The early pioneers of the Seventh-day Adventist Church lived in a world of filth and disease. Before modern health care, ignorance prevailed. Without a knowledge of even the germ theory, people lived considerably fewer years than they do today. Parents could expect on average that only half of their children might survive into adulthood. For James and Ellen White, only two of their four sons reached adulthood.1
Such deplorable conditions meant that it was imperative to pay attention to new developments in health reform that swept across America. People were increasingly suspicious of various forms of “heroic” medicine, which often included toxic treatments that used bloodletting, or poisonous substances such as mercury and even opium. Early Adventists participated in a host of reforms, including health reform. Ellen White simply stated, “We are reformers.”2
As early as 1848 Ellen White received a vision about the dangers of tobacco and other stimulants. This was followed by a much broader and all-encompassing vision in 1863: “I saw,” she wrote, “that it was a sacred duty to attend to our health, and arouse others to their duty. . . . We have a duty to speak, to come out against intemperance of every kind—intemperance in working, in eating, in drinking, and in drugging—and then point them to God’s great medicine: water, pure soft water, for diseases, for health, for cleanliness, and for luxury. . . . I saw that we should not be silent upon the subject of health but should wake up minds to the subject.”3 She also wrote: “The work God requires of us will not shut us away from caring for our health. The more perfect our health, the more perfect will be our labor.”4 Ellen White viewed health as essential to “fit” people for the second coming of Christ.5 After all, “heaven is all health.”6 Thus, Ellen White’s contribution was to integrate health reform into Adventist theology.7
At the foundation of a Seventh-day Adventist philosophy of health was the connection between the physical and the spiritual. This became an Adventist philosophy of wholeness.8 Adventist health reform was far from merely a list of dietary taboos—it was an all-encompassing way of life. Each person has individual needs, and broad health principles must be applied using “common sense.” She warned against fanatics who sought “to regulate the consciences of others by their own rule.”9
An often overlooked aspect of health reform is the connection between the mind and the body. Such mental health, according to Merlin D. Burt, plays an essential role within an Adventist philosophy of health.10 “Mental health,” for Ellen White, results in “mental clearness, calm nerves, a quiet, peaceful spirit like Jesus.”11 Psychology and theology converged for Ellen White. “The two must interplay and, when correctly integrated, provide the most help for the human mind and emotions.
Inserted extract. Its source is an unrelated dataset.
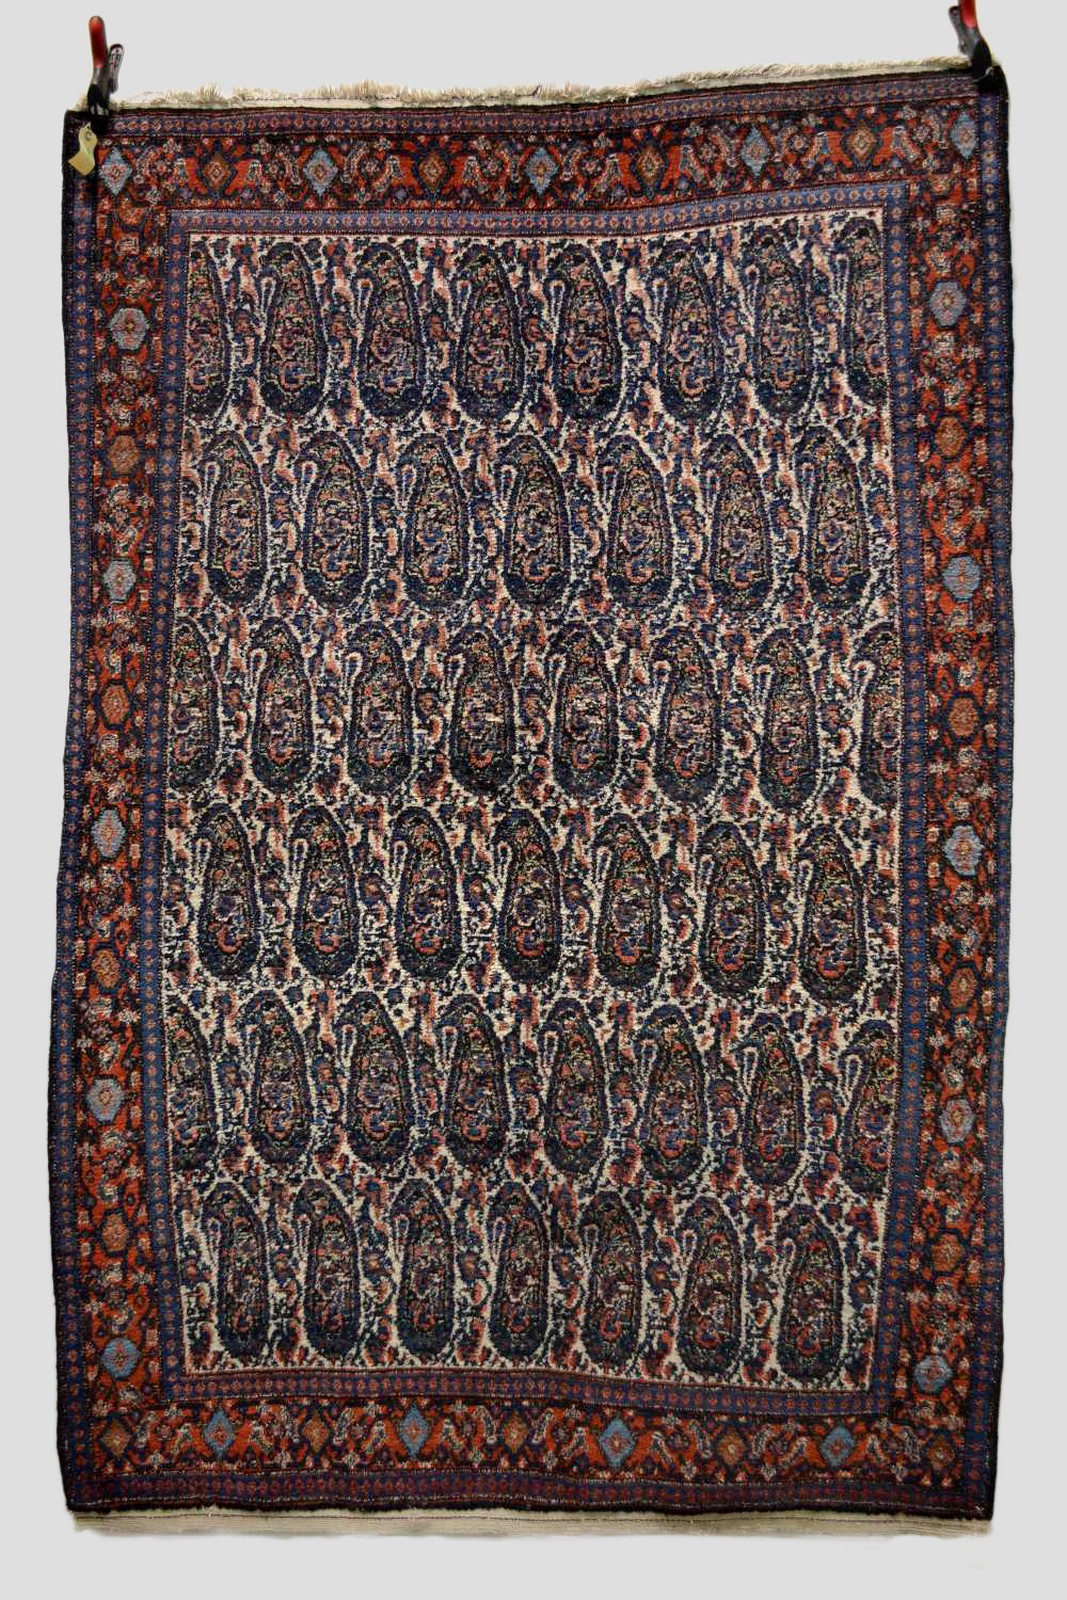 Senneh rug, Hamadan area, north west Persia, mid-20th century, 7ft. x 4ft. 10in. 2.13m. x 1.47m. All

For her the true source of mental and emotional health was God the loving Father, Jesus the ‘Great Physician,’ and the Holy Spirit the ‘Counselor.’ ”12
Adventist historians can easily see the deep emotional pain and anguish that Ellen White herself personally suffered during her lifetime. She recognized mental and emotional brokenness. Yet “one of the remarkable characteristics of her work,” adds Burt, “is her consistent optimism that people can recover, no matter how broken they may be.”13
In contrast with her early warnings against early primitive (and dangerous) medical practices, Ellen White took advantage of modern medicine, especially during the latter part of her life. William A. Fagal observes that her own example is instructive. At one point she received X-ray treatments for a cancerous spot on her forehead.14 On another occasion, when queried about using quinine to treat malaria (the only known drug to treat malaria at the time), she stated: “We are expected to do the best we can.”15 Burt concludes that if Ellen White were still “present today, she would probably still argue that natural methods are best where possible but that physiologically based drug therapy has its place.”16
In this same spirit, Ellen White urged that the Seventh-day Adventist Church provide the very best medical training for medical personnel at the College of Medical Evangelists (now Loma Linda University), and that the school should meet the very highest standards required of them.17 Thus, for Ellen White, Adventist health reform was an all-encompassing philosophy of health that connected the mind and body together. She prioritized natural remedies and a healthful lifestyle, but was not afraid to take advantage of modern medical expertise when natural treatments were not enough.
Michael W. Campbell, Ph.D., is associate professor of Historical and Theological Studies, and editor of the Journal of Asia Adventist Seminary at the Adventist International Institute of Advanced Studies in the Philippines.